You started a thread where you questioned the quality of your gear, and then posted a single photograph that, to be brutally honest, is crap. Sorry if it hurts your feelings, but that photograph speaks to nobody but yourself. A few forum members posted responses to the tune of "It's not great, but it could be better if you did x,y,or z." Instead of listening to their input, you attacked them for critiquing your photograph. Who here is not "open to different points of view and a fair and open exchange of ideas?"

QuoteQuote:
... So in answer to your comment, I have no plans to "lighten up." If the community doesn't like what I say, or the way I say it (assuming I stay within the bounds of fair argument) then I suppose I can be sent to coventry, or penalized, or even banned from the forum. Short of the latter action, I will continue to be a gadfly to the fanboys and a thorn in the side of the unreasonable and unreasoned argument,
Brian
The only vaguely fanboy thing that was said in this entire thread is that the Pentax kit lens is better than most. If you have a reasonable argument to the contrary, I'd love to hear it.

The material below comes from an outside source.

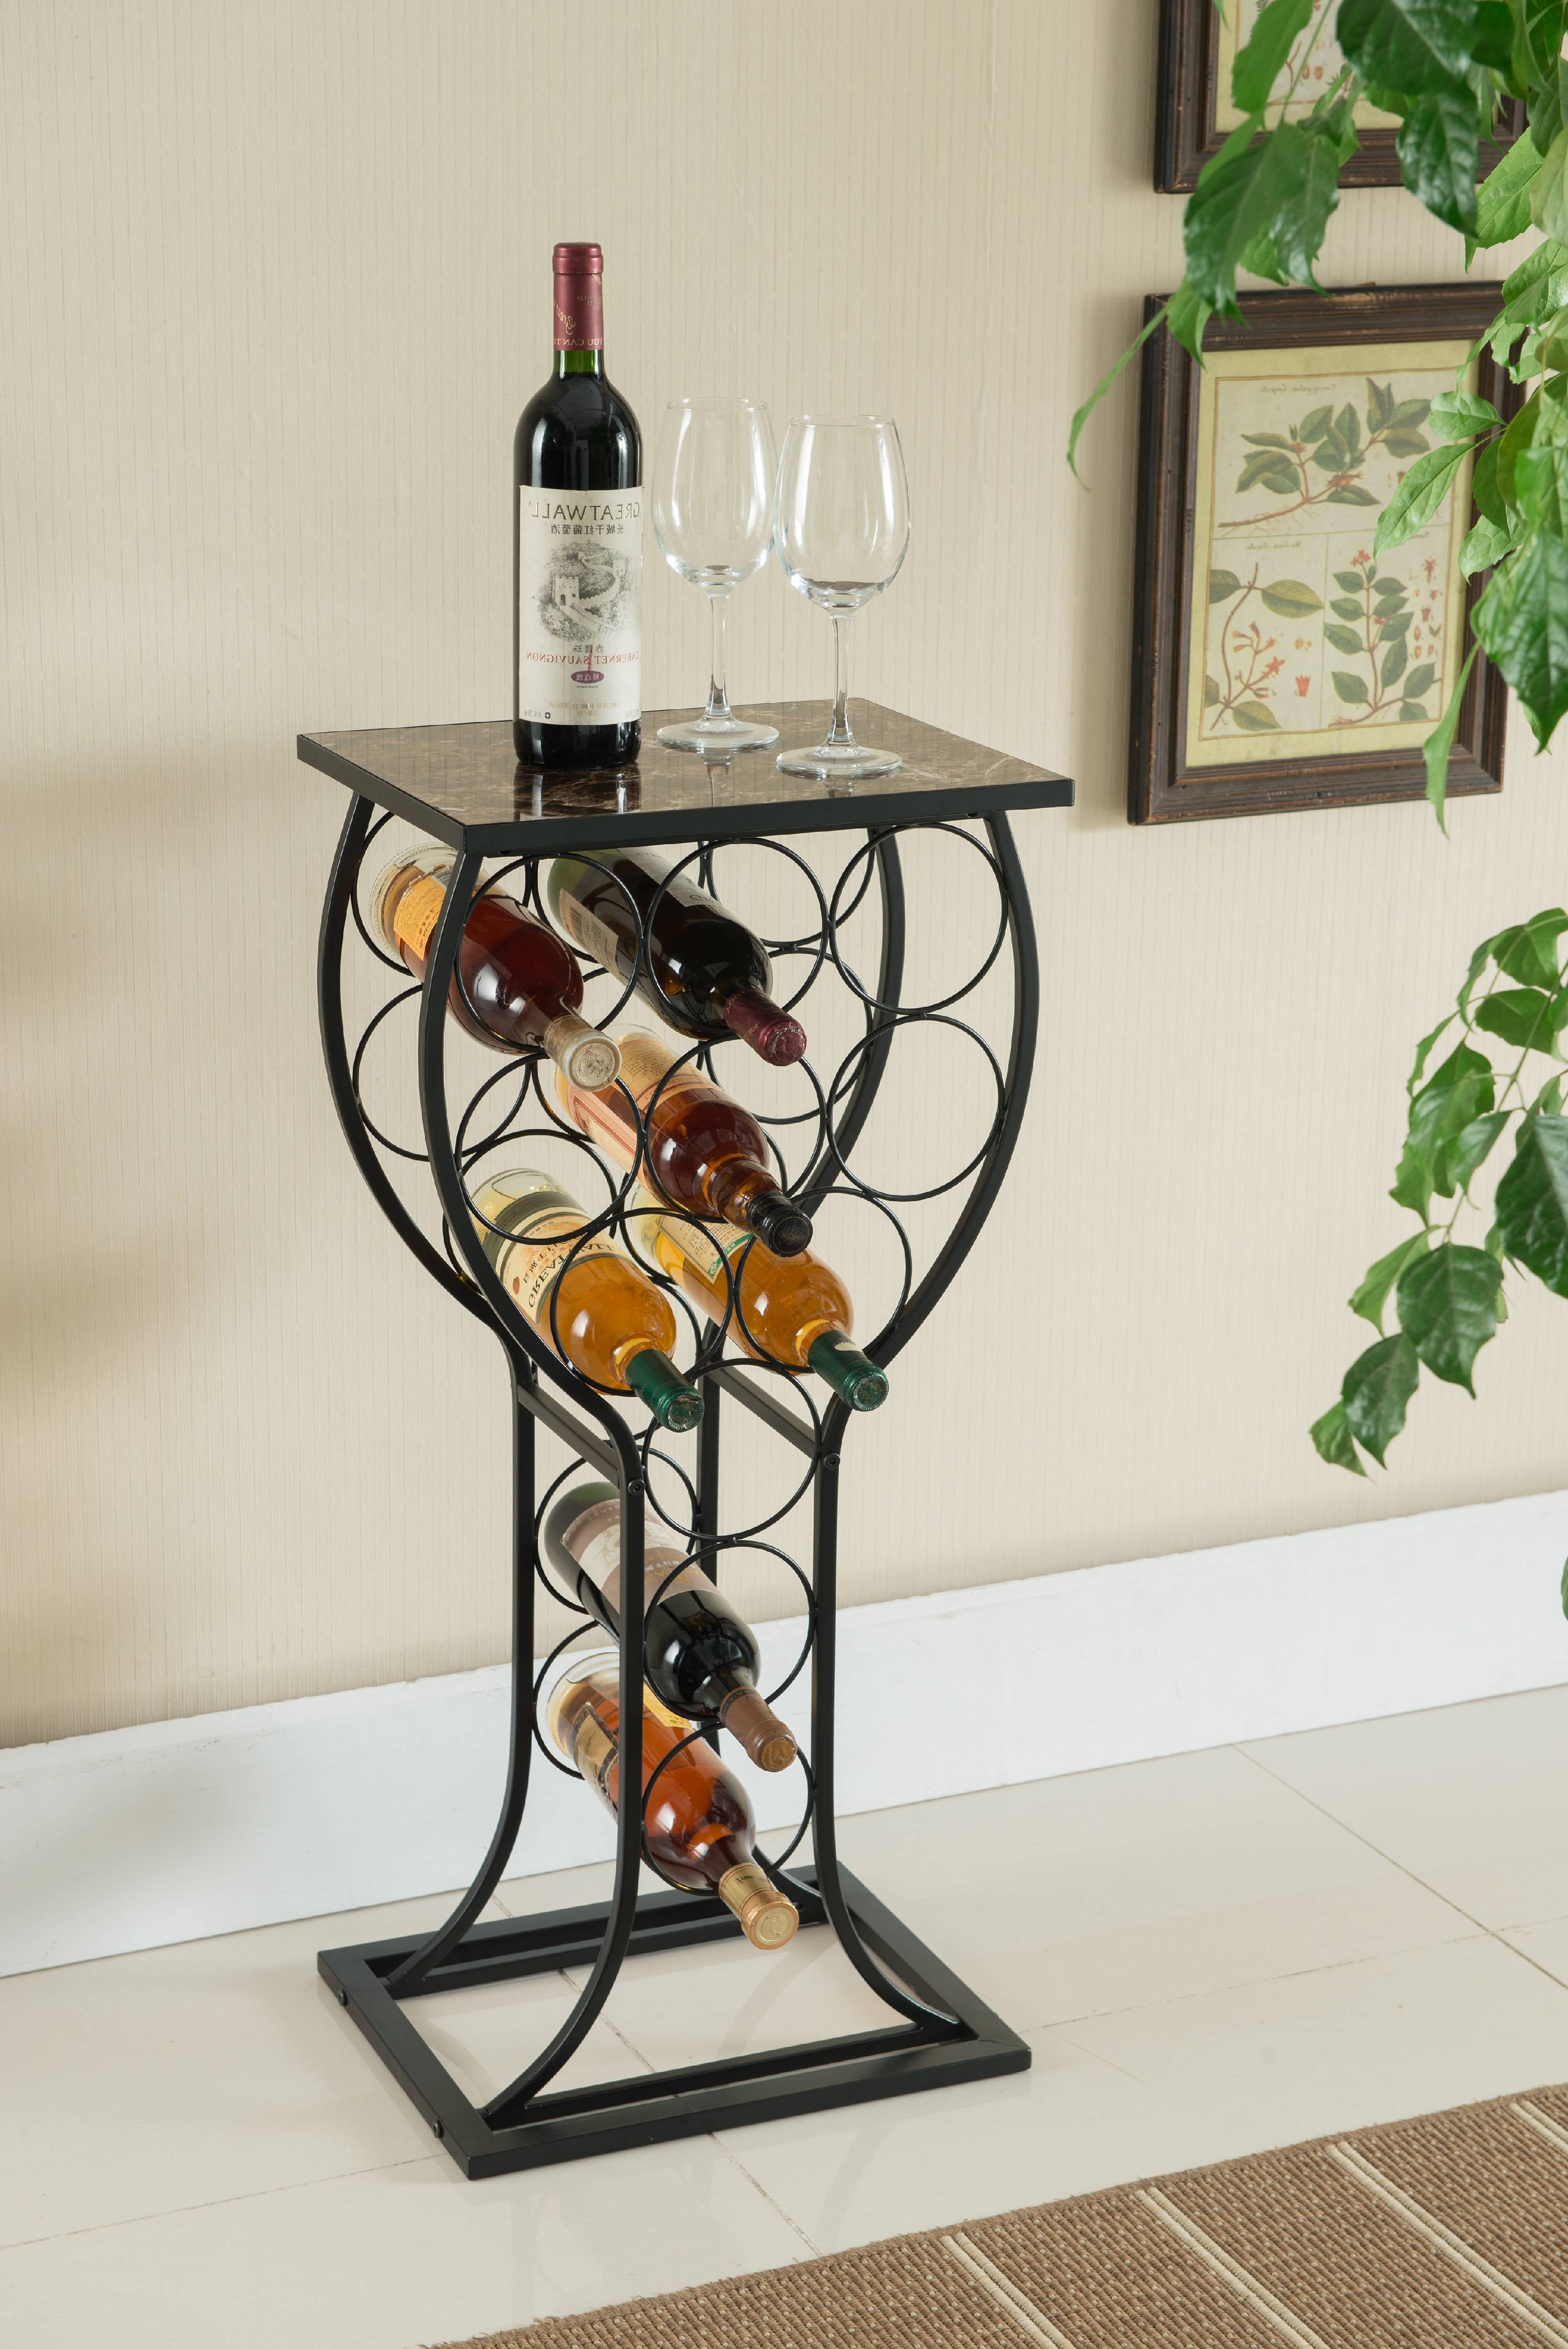 Wrought Iron Annabel 6 Bottle Metal Wine Rack for Tabletop or Countertop by KitchenEdge Free Standing Black
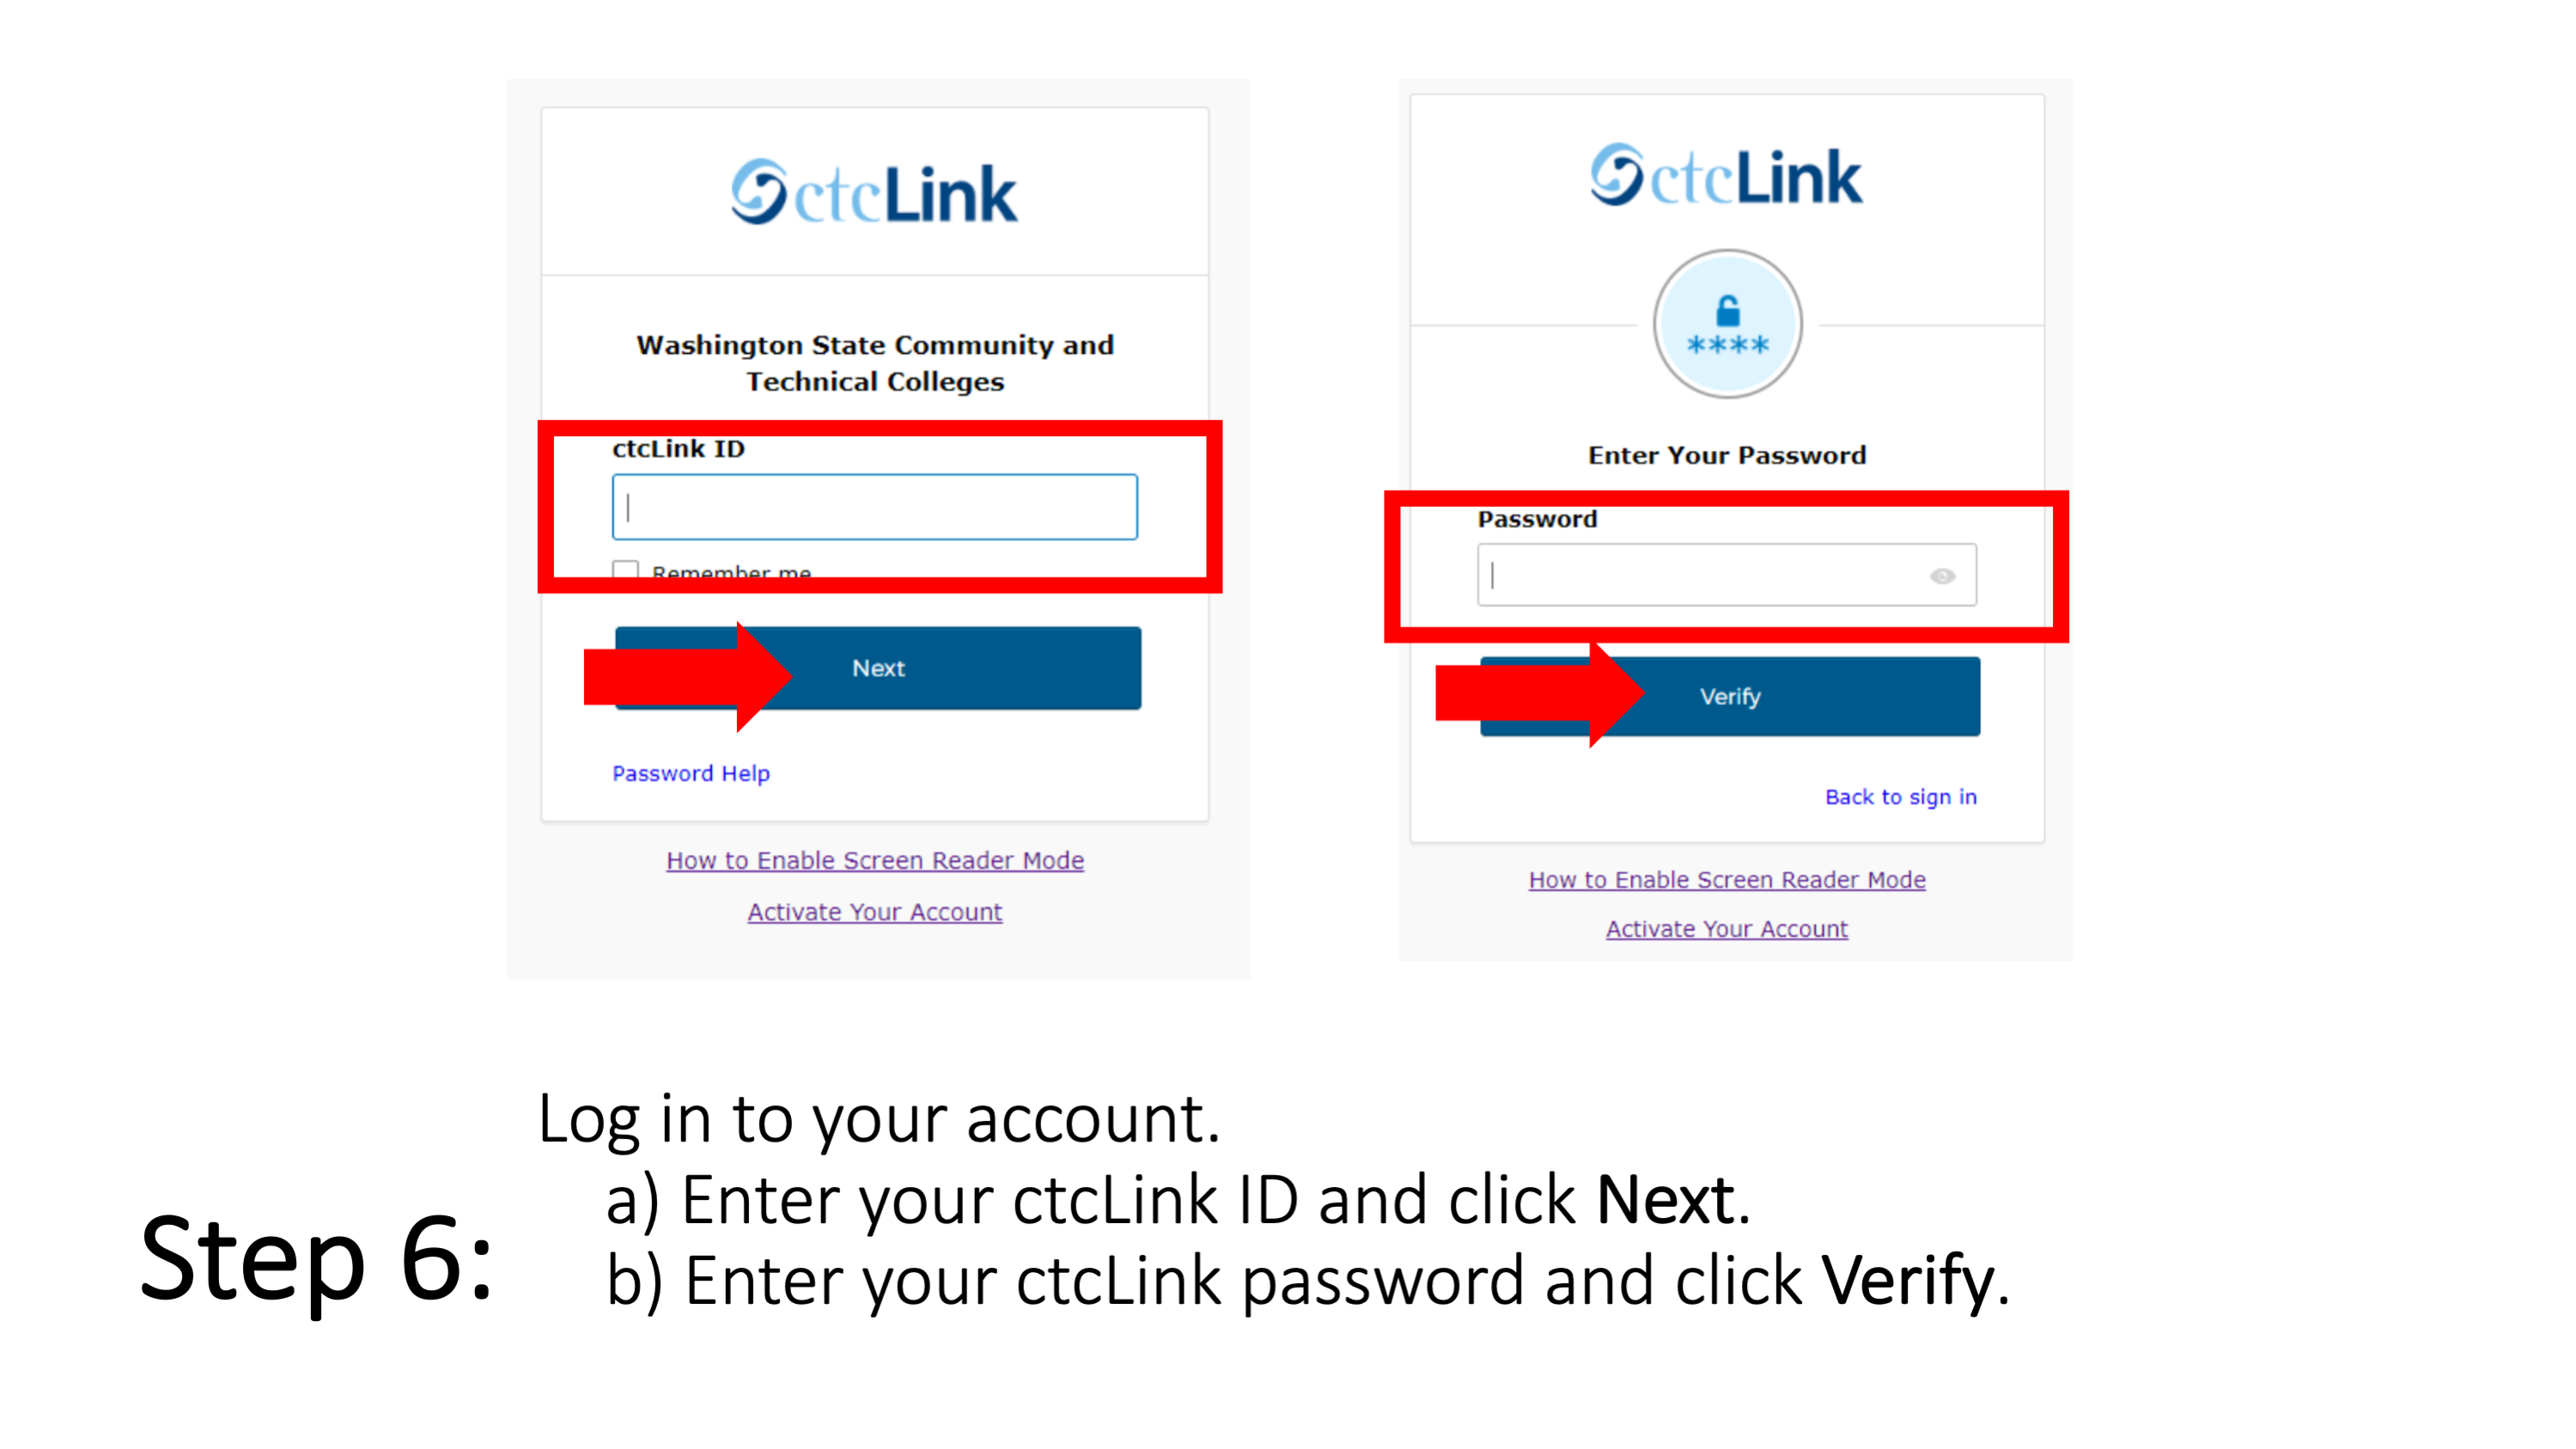 Step 6 - Log in to your account

With most of the members of this forum, if they don't like you, they will just ignore you and hope that you leave someday. However, if getting banned from the forum will give you some sort of satisfaction, it seems to me that you are off to a great start. Just keep picking fights with those who respond to your questions, and eventually enough people will tire of it, and then either the Mods or Adam will get involved.

If you don't want to "lighten up", that is completely okay. Just make sure you have a good cardiologist on speed dial, and everything will probably work out fine for you. On the other hand, perhaps you should spend a bit more time reading what you typed before clicking the "Submit Reply" button. For example, when you make an entire post bold, it seems as though you are making a deliberate attempt to be rude.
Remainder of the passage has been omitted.